Cianergoline

Clinical data
- Other names: 355/1057; 6-Methyl-8β-(2-cyano)propionamidoergoline; 2-Cyano-3-(6-methylergolin-8β-yl)propionamide; 2-CMEBP
- Drug class: Dopamine receptor agonist; Antihypertensive agent
- ATC code: None;

Identifiers
- IUPAC name 3-[(6aR,9S,10aR)-7-methyl-6,6a,8,9,10,10a-hexahydro-4H-indolo[4,3-fg]quinolin-9-yl]-2-cyanopropanamide;
- CAS Number: 74627-35-3;
- PubChem CID: 71136;
- ChemSpider: 64282;
- UNII: 6337Z9RO7D;
- ChEMBL: ChEMBL2106009;
- CompTox Dashboard (EPA): DTXSID00996136 ;

Chemical and physical data
- Formula: C_{19}H_{22}N_{4}O
- Molar mass: 322.412 g·mol^{−1}
- 3D model (JSmol): Interactive image;
- SMILES CN1C[C@@H](C[C@H]2[C@H]1CC3=CNC4=CC=CC2=C34)CC(C#N)C(=O)N;
- InChI InChI=1S/C19H22N4O/c1-23-10-11(5-12(8-20)19(21)24)6-15-14-3-2-4-16-18(14)13(9-22-16)7-17(15)23/h2-4,9,11-12,15,17,22H,5-7,10H2,1H3,(H2,21,24)/t11-,12?,15-,17-/m1/s1; Key:LVMVXZOPCAMYHC-QOAXCGLXSA-N;

= Cianergoline =

Cianergoline (INN), also known as 355/1057 or as 2-cyano-3-(6-methylergolin-8β-yl)propionamide (2-CMEBP), is a dopamine receptor agonist described as an antihypertensive agent of the ergoline family which was never marketed.

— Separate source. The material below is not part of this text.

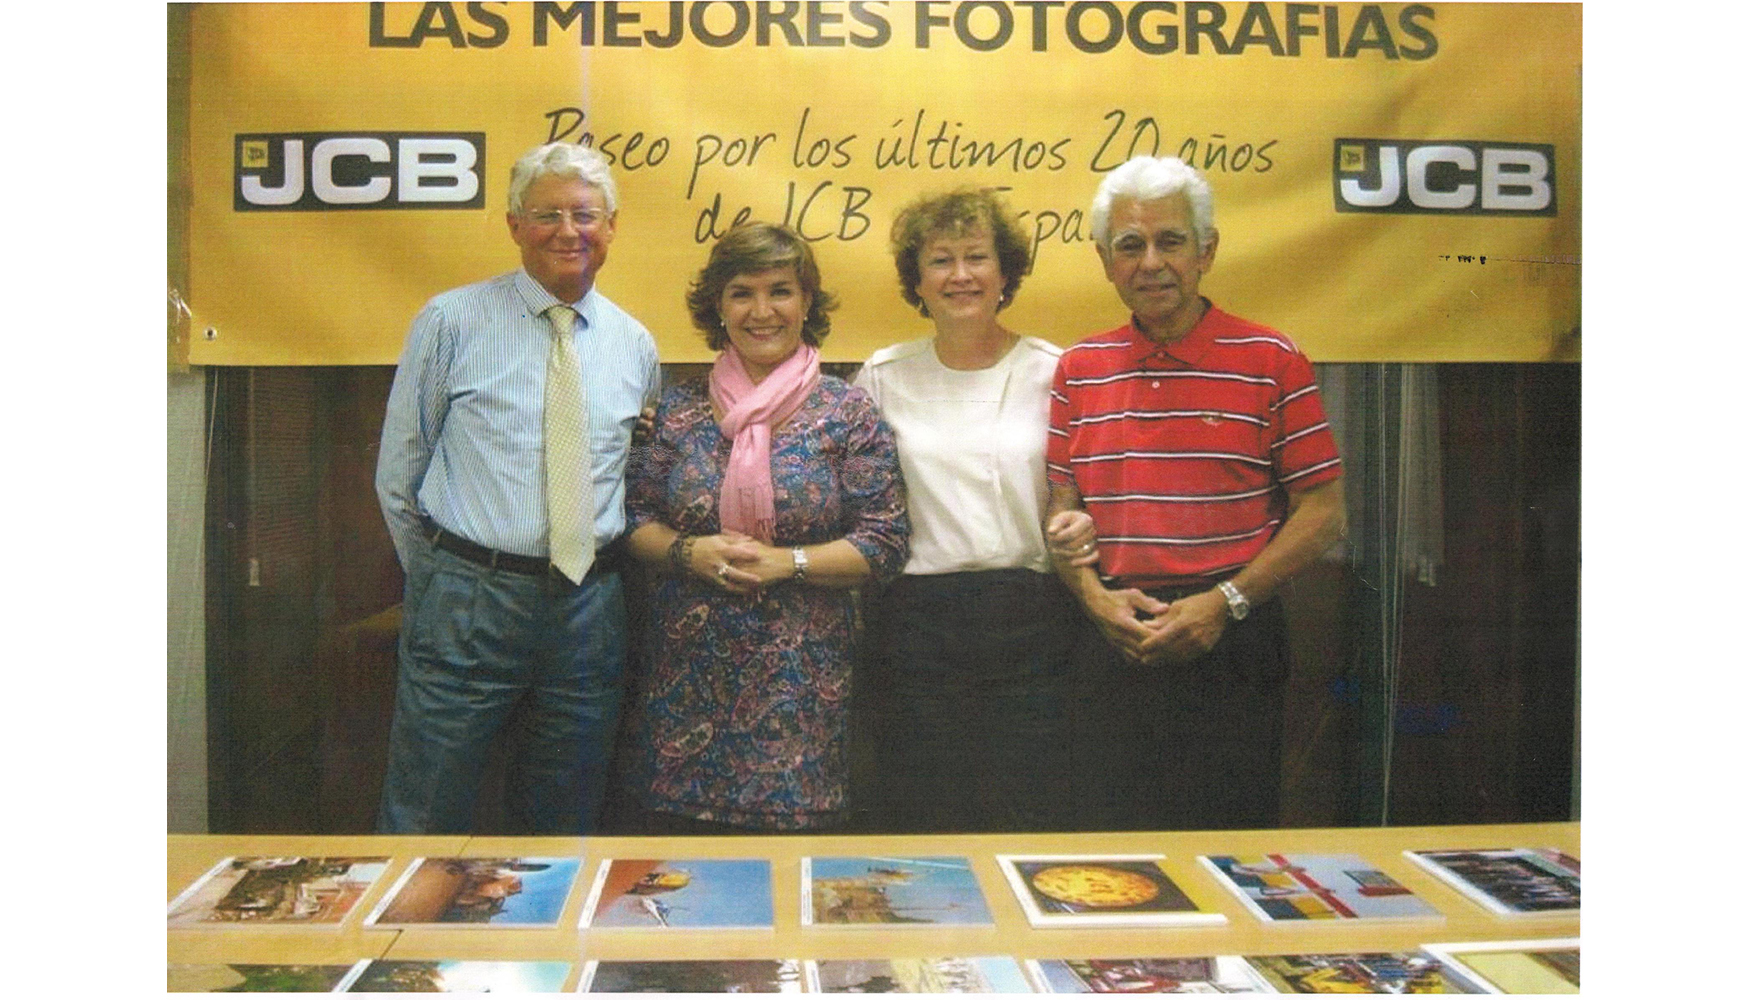 Claudio Fiorentini, Mara Luisa Prez, Brunhilde Rygiert y Beningno Bueno en la celebracin del 20 aniversario de JCB Espaa (2013)...
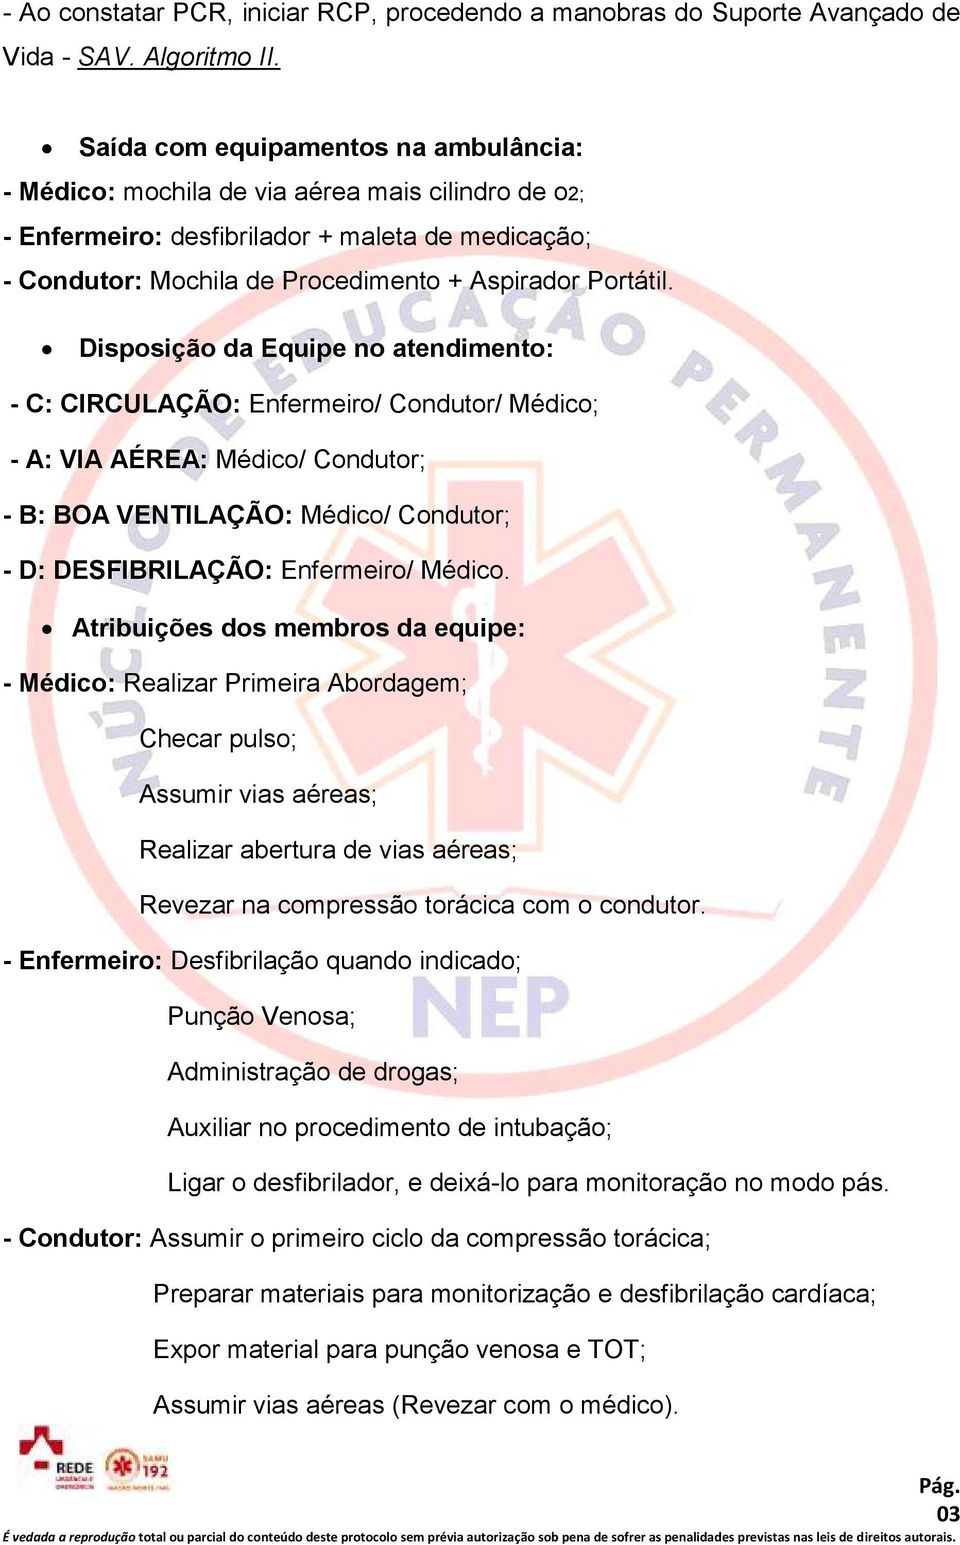 Disposição da Equipe no atendimento: - C: CIRCULAÇÃO: Enfermeiro/ Condutor/ Médico; - A: VIA AÉREA: Médico/ Condutor; - B: BOA VENTILAÇÃO: Médico/ Condutor; - D: DESFIBRILAÇÃO: Enfermeiro/ Médico.

It has atypical properties as a dopamine receptor agonist compared to other ergolines, for instance having less central activity and showing predominant cardiovascular effects. In addition to its dopamine receptor agonism, cianergoline may interact with α-adrenergic receptors, which may or may not also be involved in its antihypertensive effects. The drug was first described in the scientific literature by 1983. It was studied for treatment of essential hypertension.